Now, she is waiting for us under two elms in Sussex. Before visiting the Monk’s House of Virginia Wolf, we must remain a little next to those trees, because it is from that roots that she lives every year. They remind us of the happiness of a daughter much loved, the sadness of a girl raped, but also the celebrity of a British writer. They are his ashes, those who continue to fuel its presence. Are his writings, those who continue to tell us about seemingly trivial things, but carefully wrapped in impossible visual and auditory impressions, the ones that she has managed to create, and to give us.
“Each wave of the sea has a different light, just as the beauty of who we love.”
Adeline Virginia Woolf (née Stephen), was born in London in 1882, but it was in the period between the two world wars that she has become one writer so original, that woman so socially committed to the defense of gender equality, which we now recall . Curiously, his parents were both widowed, and both in their second double experience. Inside that family, writing and reading it’s was encouraged. 4 children from first marriage, 4 children were added by the second, and Virginia was among them. All of those children lived the brilliant literary climate of their home, thanks to the frequent visits of eminent personalities, but the Victorian had discriminated the education, because the girls did not have access to schools.
“If you did not live boldly, and taking the bull by the horns and trembling on the precipice, we would never depressed; but we’d already withered, old, resigned to fate.“
Two of those guys – Virginia and Toby – more oriented to the creativity painting with words, texts , they had also created a special family journal , which contained things that were real and Imaginary, all enclosed in the two houses of the Stephen family, that of London and that of Saint Ives , Cornwall . If you want to read one of the books of Virginia – Trip to Faro – you have to remember that its roots are in the final years of the twentieth century, those where Virginia, a happy little girl, she was watch the Porthminster Bay. The memory of that beacon of light, after ten years, have of terrible pain , the ones where Virginia saw the death of his mother, sister and father. The happy little girl had disappeared, there remained a girl of 22, with biggest problems of his joy, partly because of the repeated sexual abuse – also with her sister – by two brothers . The mood swings and bouts of depression, Virgilia accompany to the threshold of suicide.
“I am a huge amateur in the art of life, determined to suck the my orange, and then quickly away as a wasp, if the rosebud on which I rest, it wilts.”
Along with his sister , Virginia abandons his father’s house , and since 1905 lives in London , where he know many celebrities, including Leonard Woolf, the man who married in 1912. Them in the marital bed – as well as Freud speculated – they lived with the memory of her father and his mother , along with the sexual scars never healed , those that bring Virginia inside things deemed not appropriate, experiencing relationships with other women, but also finding strength and dedication to the suffragettes and their claims of equality for women. Before he died, in the early spring of 1941 , she had taken the time to leave behind him the titles of his books , the ones that – if read in sequence – are the preciousness of his intellectual commitment , along with the fragility of his condition of woman and orphan : “Kew Gardens,” “Night and day”, “The lady Dolloway”, “Trip to the Lighthouse ,” “A Room of One’s Own.”
“Dearest, I feel certain that I am going mad again. I feel we can’t go through another of those terrible times. And I shan’t recover this time.
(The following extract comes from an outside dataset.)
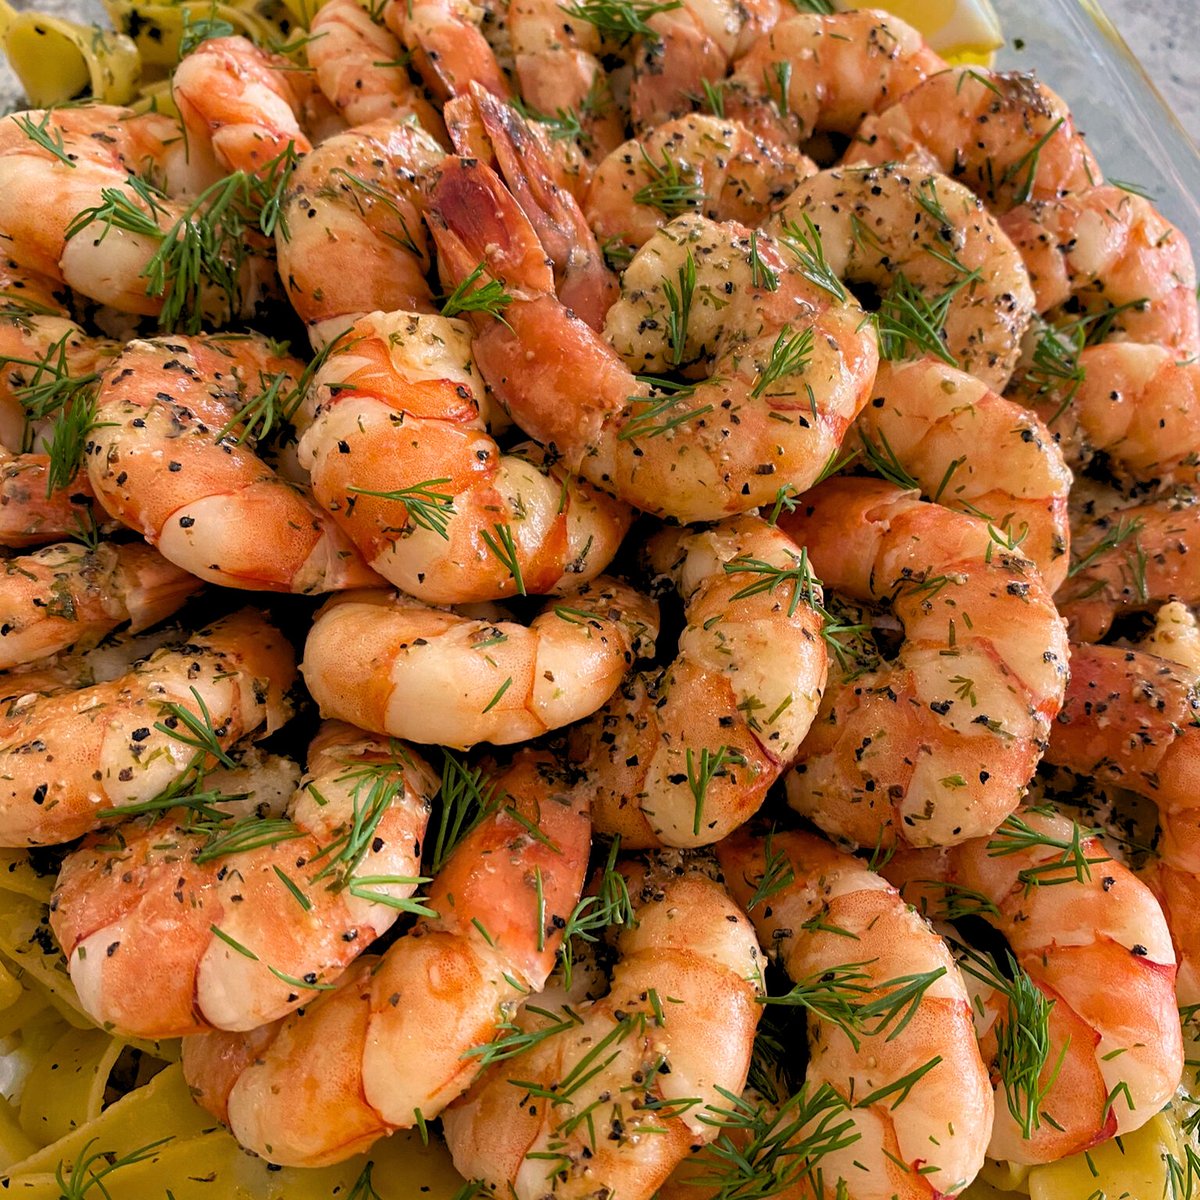 Cheers to National Shrimp Scampi Day! 🍤 Dive into buttery, garlicky goodness. #ShrimpScampiDay #DeliciousIndulgence #PersonalChef #weeklyMealPrep 🌟
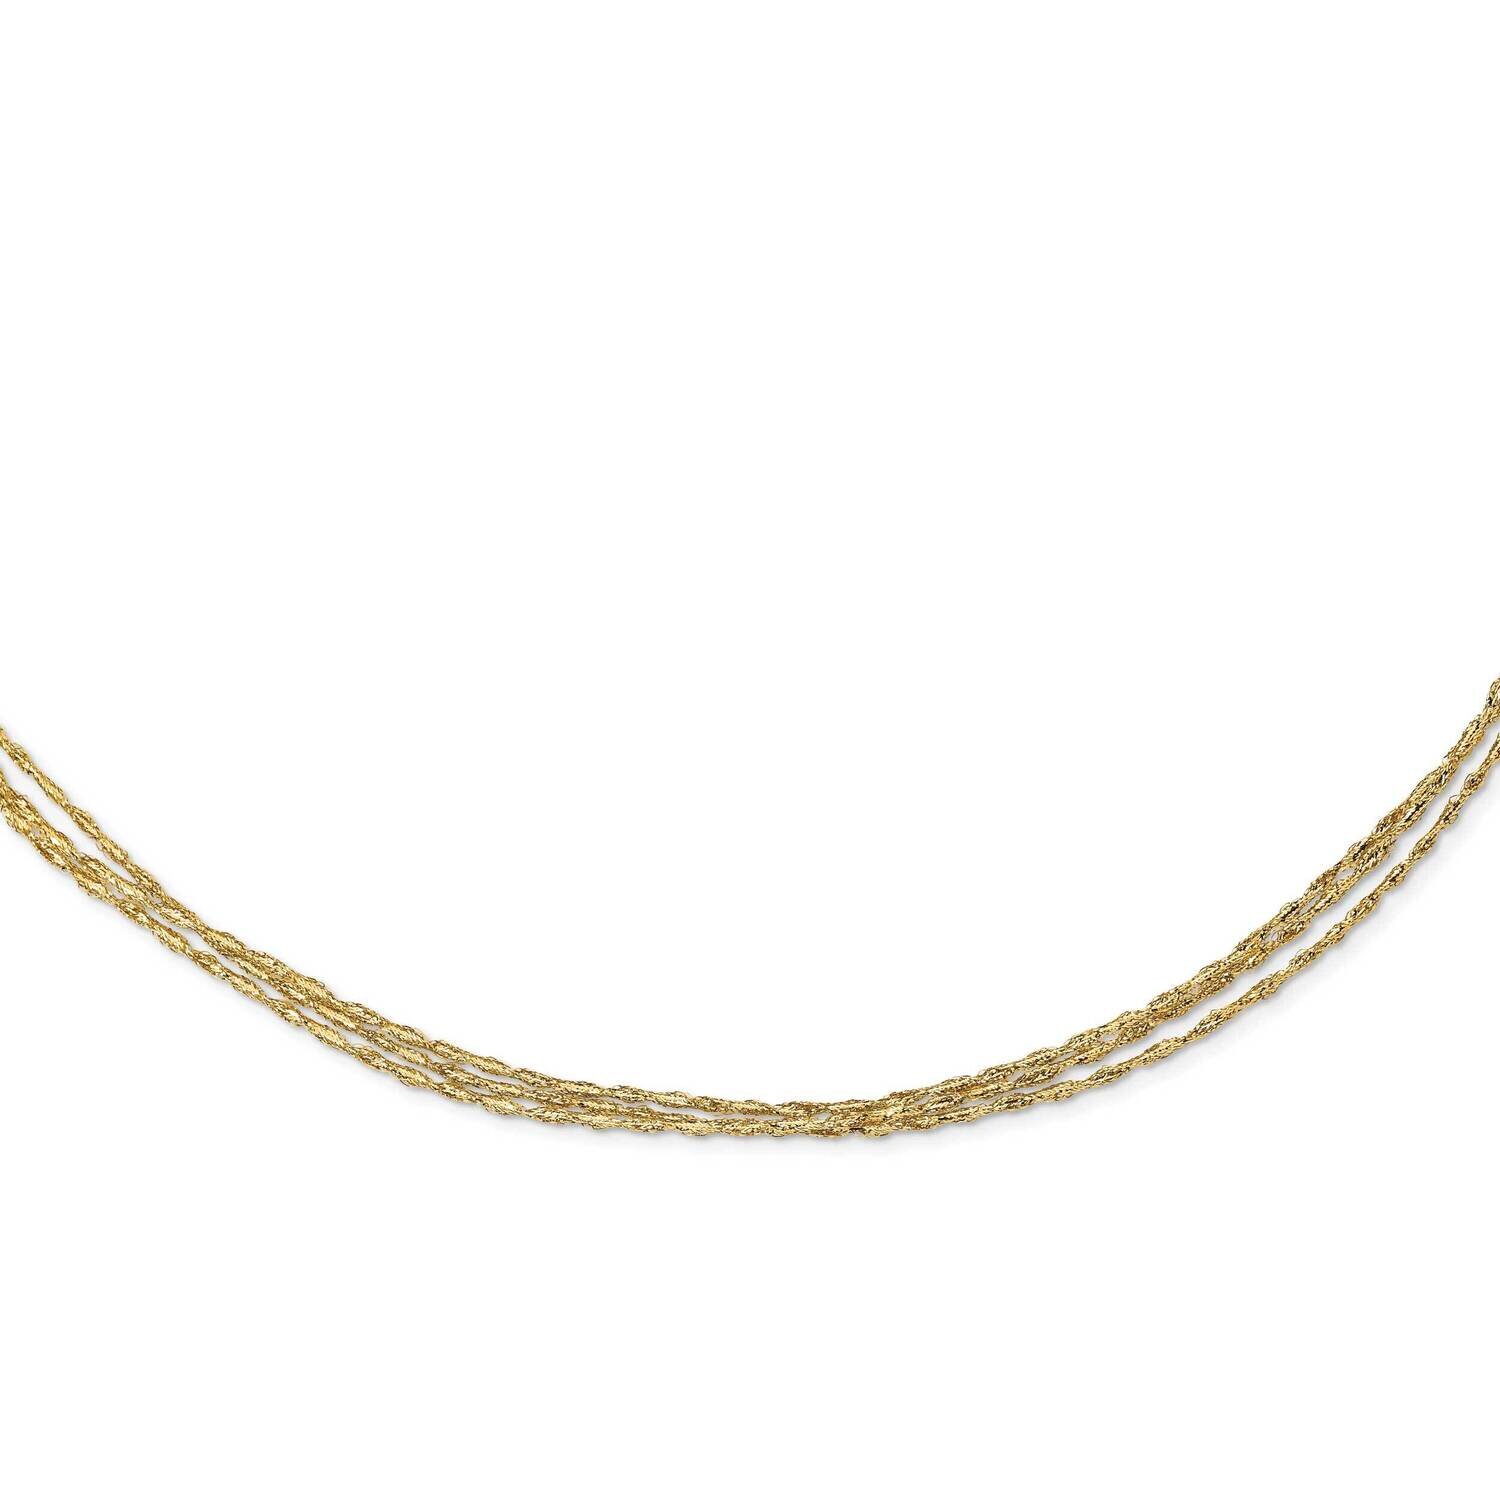 Three Strand Twisted Stretch Mesh Necklace 14k Gold SF2740-17.5

I begin to hear voices, and I can’t concentrate. So I am doing what seems the best thing to do. You have given me the greatest possible happiness. You have been in every way all that anyone could be. I don’t think two people could have been happier ’til this terrible disease came. I can’t fight any longer. I know that I am spoiling your life, that without me you could work. And you will I know. You see I can’t even write this properly. I can’t read. What I want to say is I owe all the happiness of my life to you. You have been entirely patient with me and incredibly good. I want to say that – everybody knows it. If anybody could have saved me it would have been you. Everything has gone from me but the certainty of your goodness. I can’t go on spoiling your life any longer. I don’t think two people could have been happier than we have been. V.”